## [DATA SHOWN]
----------

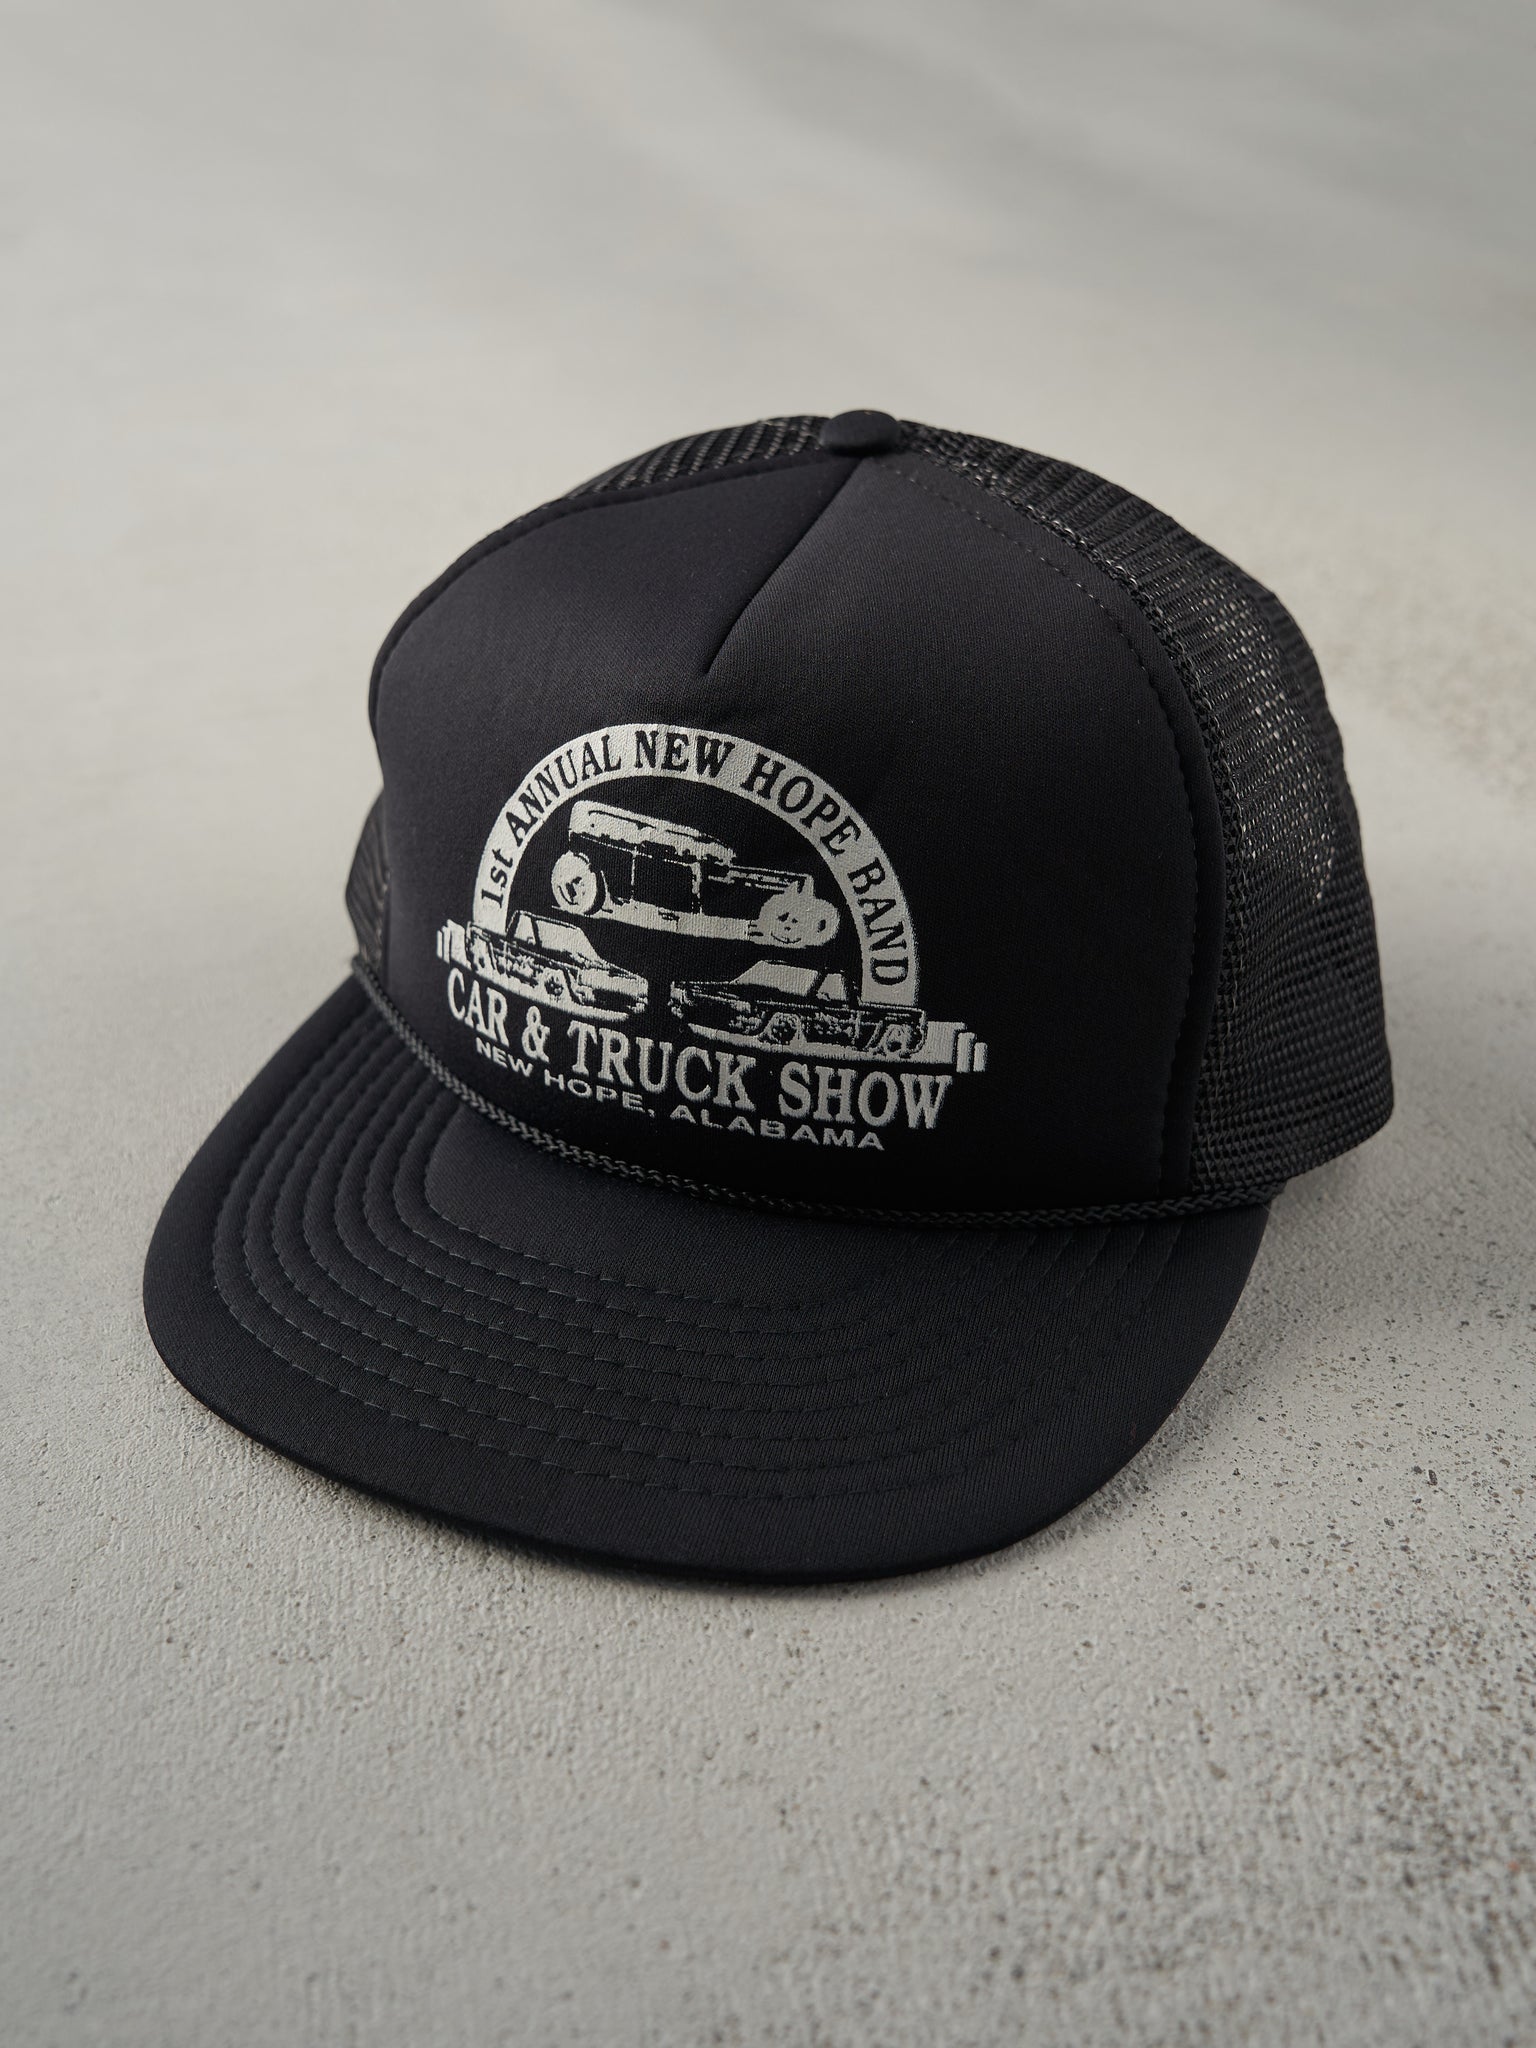 Vintage 90s Black Foam Trucker Hat
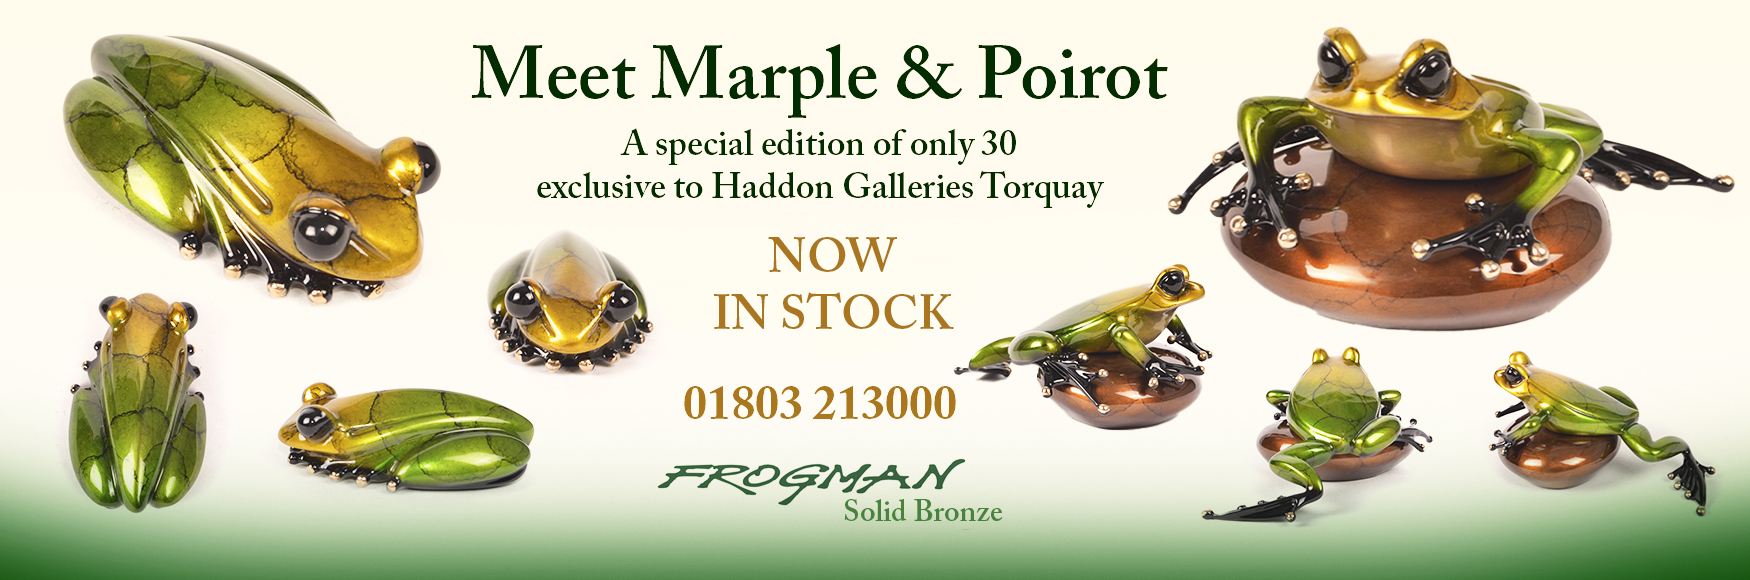 Frogman Bronze Marple & Poirot
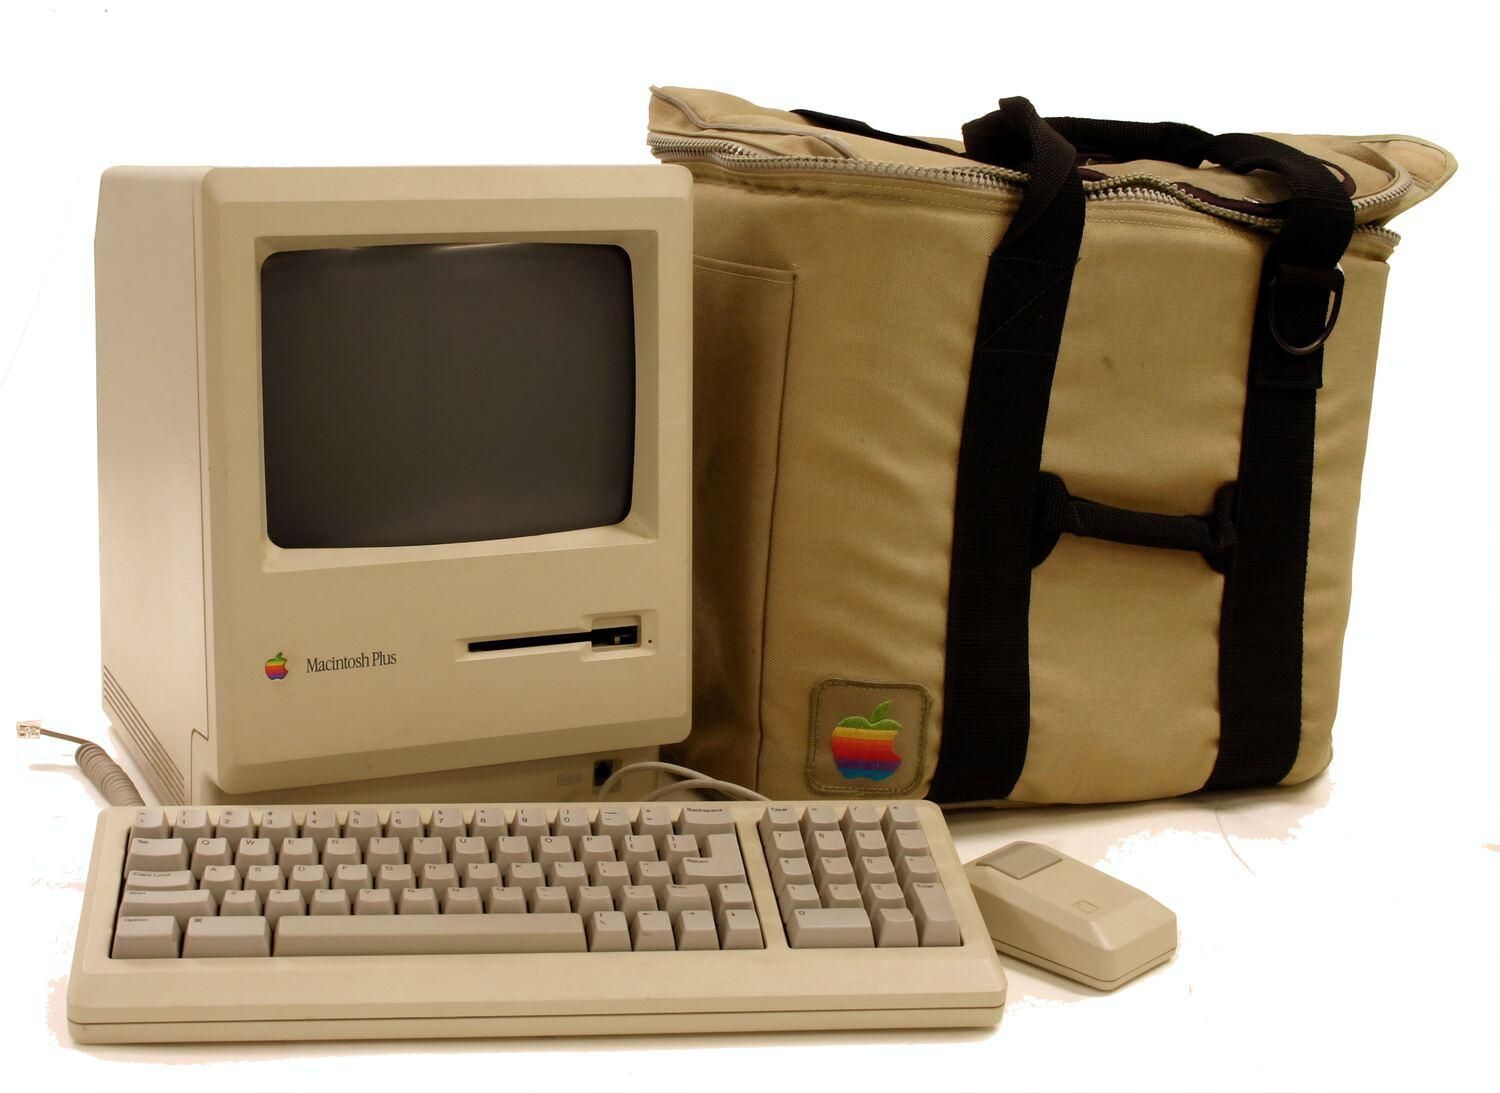 Дискету Apple Macintosh оценили в 7500 долларов

----------

## [YOUR ASSIGNMENT]
The expected answer is the data retyped exactly, without pictures.

## [OUTPUT FOR THIS EXERCISE]
 Vintage 90s Black Foam Trucker Hat
 Frogman Bronze Marple & Poirot
 Дискету Apple Macintosh оценили в 7500 долларов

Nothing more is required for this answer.